Здесь ночь иная: траву подминают слаймы, кустами шуршат лисы, ухает сова вдалеке и повсюду стрекочут сверчки. Джинн видит у озера очертания извечной парочки аистов; Розария вспугивает кристальную бабочку и смотрит вслед задумчиво и долго.
К статуе Барбатоса Джинн ноги приводят сами. Мягкий и ласковый свет изваяния притягивает её, точно мотылька к фонарю, но крылья Джинн не горят: ветер гладит перья и держит её на лету, обещая понести с собой по границам Мондштадта, поднять в высоту, туда, где все его земли — как на ладони, а каждое бедствие на расстоянии дуновения ей в спину.
— Неплохая архитектура, — замечает Розария, стоящая поодаль, у останков древних колонн: синий цвет ложится на её лицо ровно, и она кажется будто гостьей не от мира сего. — Всё хотела спросить, а кто-нибудь пробовал выслать сюда алхимика разобраться, что в них светит?

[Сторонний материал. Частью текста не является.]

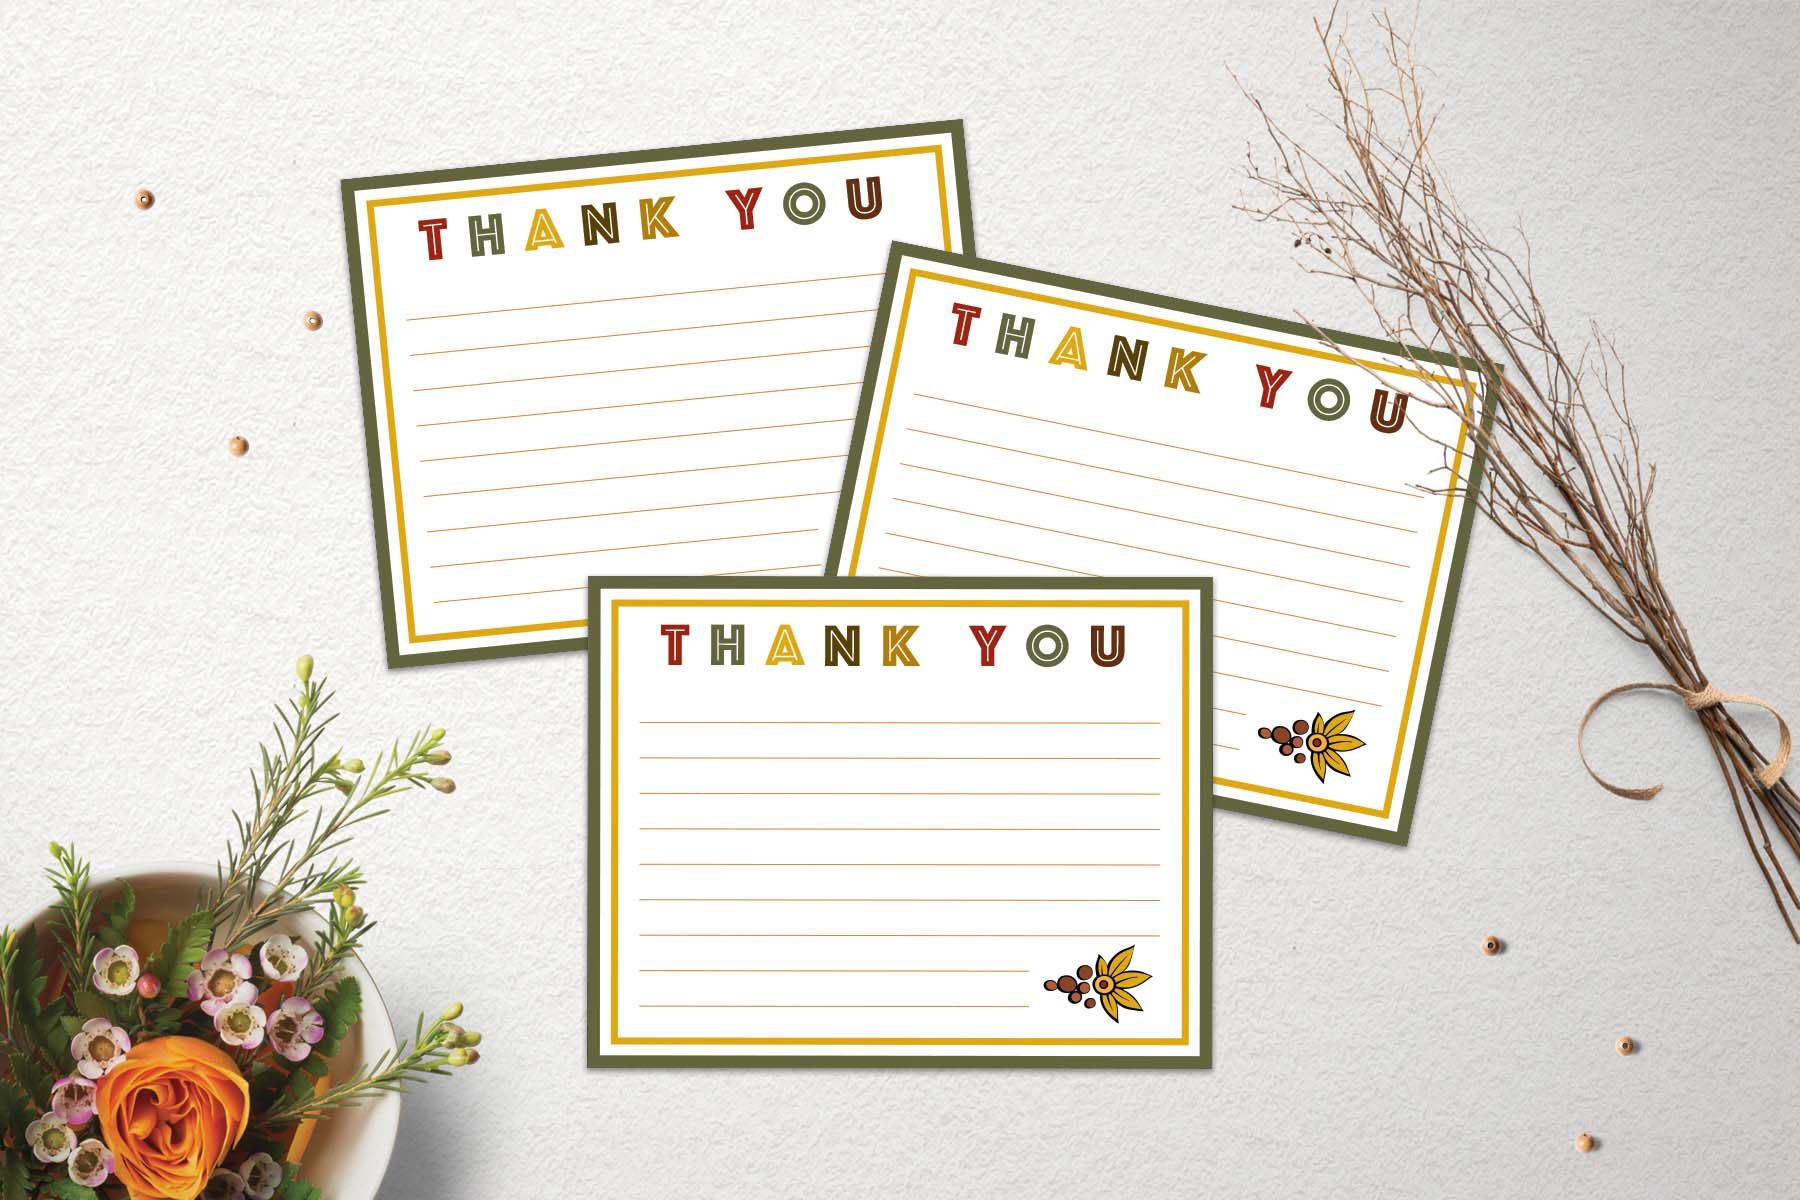 Free Thanksgiving Thank You Cards Www Teepeegirl Com

Джинн не может не таращится. Неверящий смех — против воли: стоит быть серьёзнее, конечно, но.
— Я всё же спрошу, — жгут любопытство и сожаление, — если серьёзно, почему же всё-таки не рыцари?

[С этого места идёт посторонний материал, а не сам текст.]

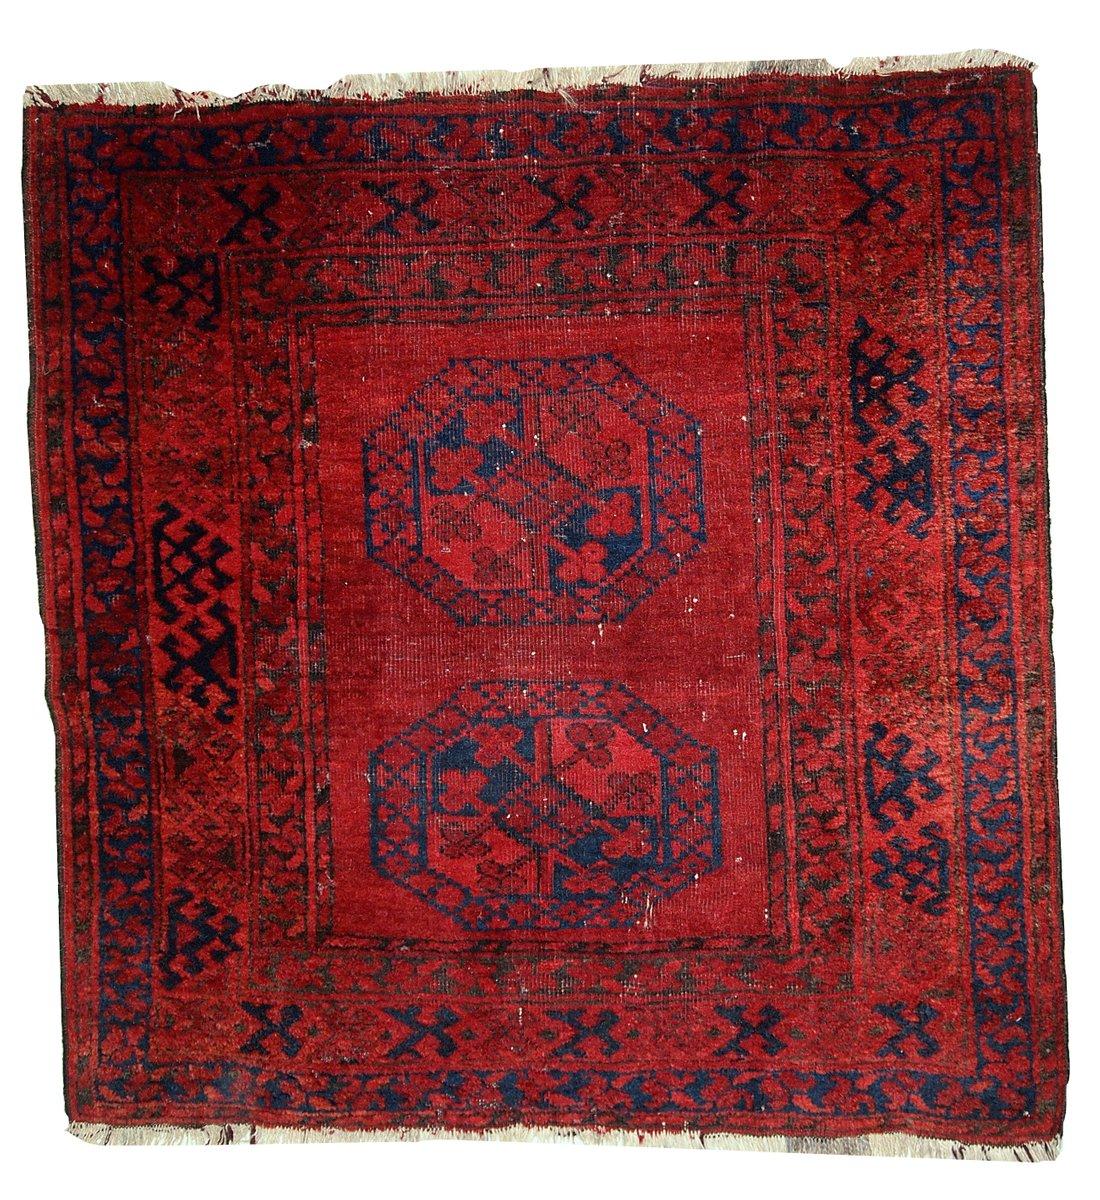 Antique Afghan Rugs: Antique Handmade Afghan Ersari Rug, 1900s For Sale At Pamono

Розария, пожав плечами, поднимается по многовековым ступеням на постамент. Её взгляд скользит по статуе — отрешённый.
— Работа на свету не для меня, — усмешка рассекает лицо, острая, как вся она. — Пример детям из меня так себе. Как там родители говорят? В рыцари берут хороших девочек, которые носят униформу, не сквернословят и ложатся спать в десять вечера, — косится на неё с иронией, — ну или притворяются. Моё посвящение к вам бы дурно повлияло на мораль.
— Но...
— Включая мораль Кэйи.
— …Резонно.
Смахнув упавшие листья, Розария садится на взрывший каменную кладку полуживой-полумёртвый — сквозь трещины в древесине прорастает мох, — корень дерева.

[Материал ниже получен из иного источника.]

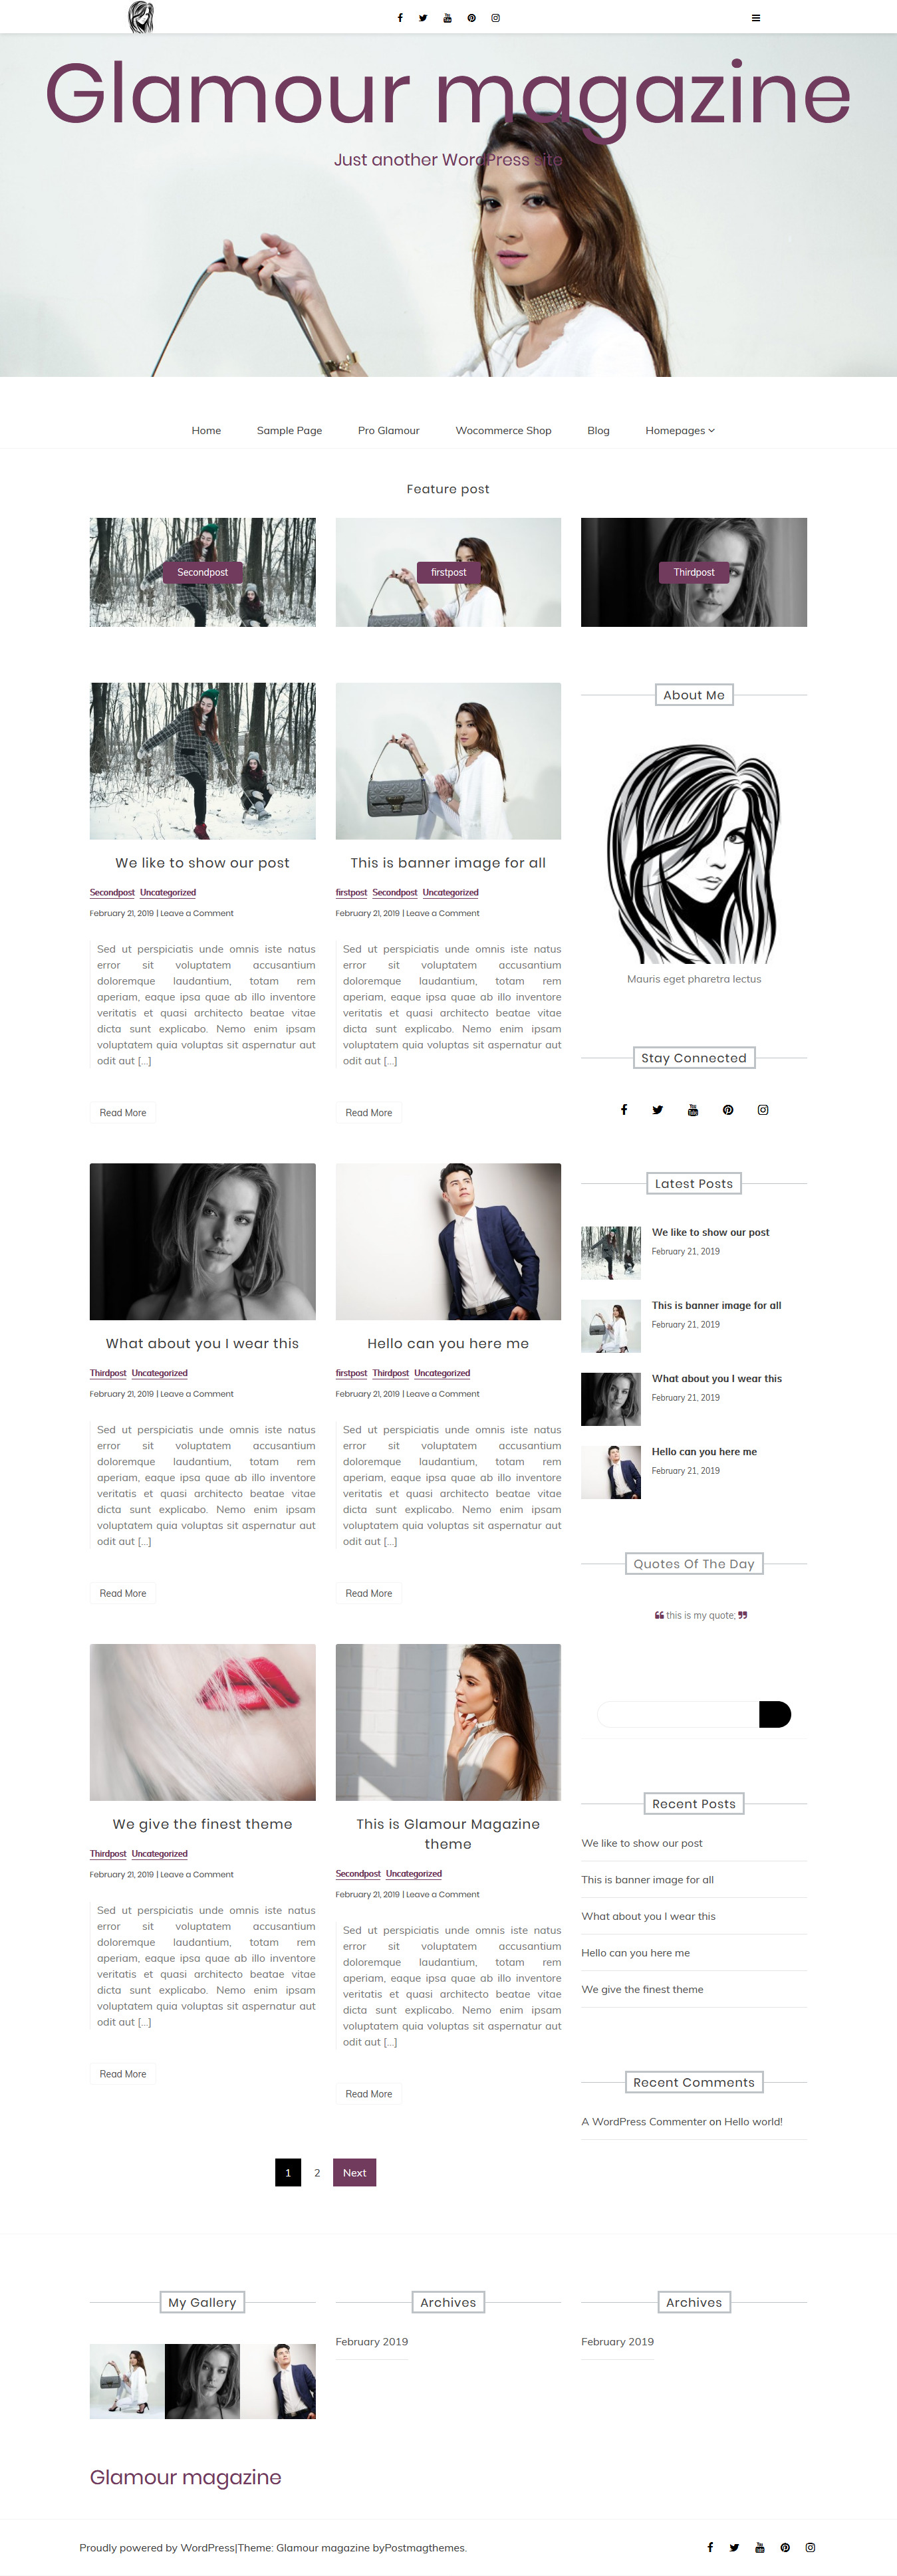 glamour magazine best free review wordpress theme - 10+ Best Free Review WordPress Themes

— Жаль, вина не дали, — цокает языком. — Вино с одуванчиками под такой вид — было бы недурно.
Джинн прикусывает изнутри щёку, чтобы не засмеяться снова. Она садится рядом с Розарией осторожно, выбрав место попрочнее и почище.
— Ты знаешь, этот дуб посадила ещё Веннесса, — говорит она, давя неуместную улыбку до вежливой. — Это было её последним деянием при жизни.
— Так что уж, она бы против вина была, думаешь? Не встречала ни разу героя, при жизни принявшего обет трезвенности. А что там про них в книгах уже после смерти пишут — это уже рьяные фантазии тех, кто меча в руках ни дня не держал.
Несмотря на все усилия, Джинн прыскает: как не по-рыцарски с её стороны.
— Барбатос, что бы сказала мама, если б увидела, — вырывается из неё случайно и со смехом, первой пришедшей мыслью. Её окатывает жаром стыд: «что скажет мама», как будто она вновь ребёнок; «что скажет мама», как будто упоминать маму вслух и всуе, ведя себя так, позволительно.
Брови Розарии скользят вверх по лбу:
— Вот и плюсы сиротства, оказывается.
Джинн кусает губу.
— Извиняюсь.
Розария отмахивается небрежно: стальные когти на пальцах отблёскивают голубым. Джинн — интерес глупый, детский, — совестно, но любопытно: греются ли они от тепла её тела — холодны ли, как её Глаз Бога, как вся её суть?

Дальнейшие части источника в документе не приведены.